Python steppable where we manipulate cell-cell focal point plasticity
link properties is shown below:

.. code-block:: python

   class FocalPointPlasticityCompartmentsParams(SteppablePy):
       def __init__(self, _simulator, _frequency=10):
           SteppablePy.__init__(self, _frequency)
           self.simulator = _simulator
           self.focalPointPlasticityPlugin = CompuCell.getFocalPointPlasticityPlugin()
           self.inventory = self.simulator.getPotts().getCellInventory()
           self.cellList = CellList(self.inventory)

       def step(self, mcs):
           for cell in self.cellList:
               for fppd in InternalFocalPointPlasticityDataList(self.focalPointPlasticityPlugin, cell):
                   self.focalPointPlasticityPlugin.setInternalFocalPointPlasticityParameters(cell, fppd.neighborAddress,
                                                                                             0.0, 0.0, 0.0)

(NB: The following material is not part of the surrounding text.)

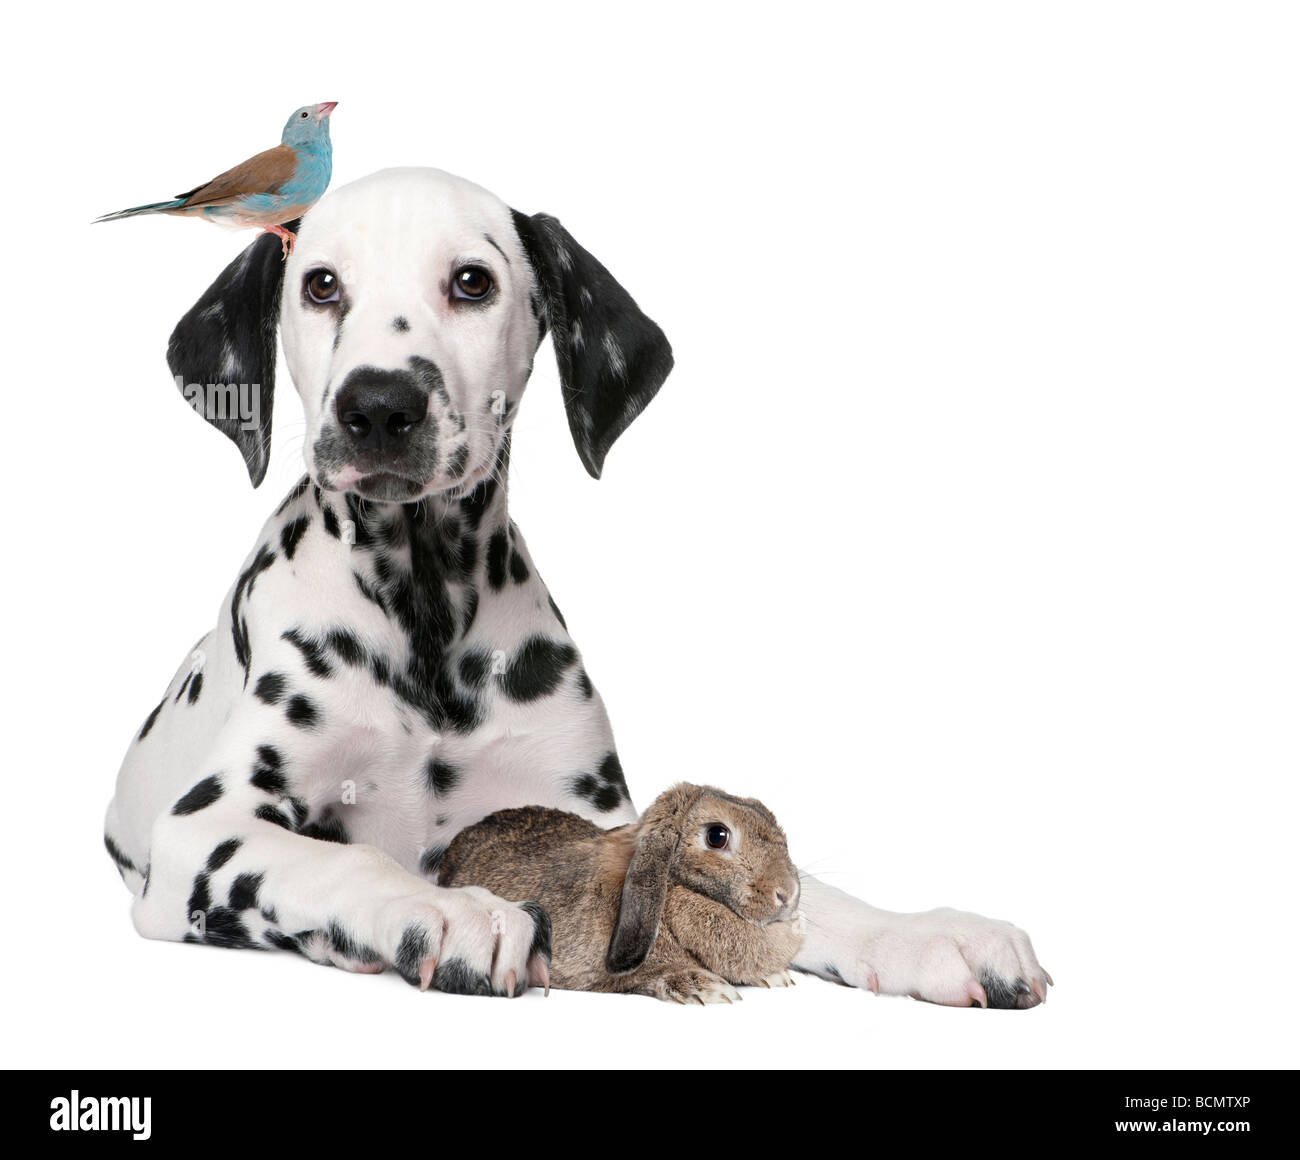 Gruppo di animali domestici, cucciolo di cane, bird, coniglio, di fronte a uno sfondo bianco, studio shot Foto Stock

The syntax to change focal point plasticity parameters (or as here
internal parameters) is as follows:

.. code-block:: python

   setFocalPointPlasticityParameters(cell1, cell2, lambda, targetDistance, maxDistance)

.. code-block:: python

   setInternalFocalPointPlasticityParameters(cell1, cell2, lambda, targetDistance, maxDistance)


Similarly, to inspect current values of the focal point plasticity
parameters we would use the following Python construct:

.. code-block:: python

   for cell in self.cellList:
       for fppd in InternalFocalPointPlasticityDataList(self.focalPointPlasticityPlugin, cell):
           print "fppd.neighborId", fppd.neighborAddress.id
           " lambda=", fppd.lambdaDistance


For non-internal parameters we simply use ``FocalPointPlasticityDataList``
instead of ``InternalFocalPointPlasticityDataList`` .

Examples *Demos/PluginDemos/FocalPointPlasticity…* show in relatively simple way how
to use ``FocalPointPlasticity`` plugin. Those examples also contain useful
comments.

.. note::

   When using ``FocalPointPlasticity`` Plugin from ``Mitosis`` module one might
   need to break or create focal point plasticity links. To do so
   ``FocalPointPlasticity`` Plugin provides 4 convenience functions which can
   be invoked from the Python level:

   .. code-block:: python

      deleteFocalPointPlasticityLink(cell1, cell2)

      deleteInternalFocalPointPlasticityLink(cell1, cell2)

      createFocalPointPlasticityLink(cell1, cell2, lambda , targetDistance, maxDistance)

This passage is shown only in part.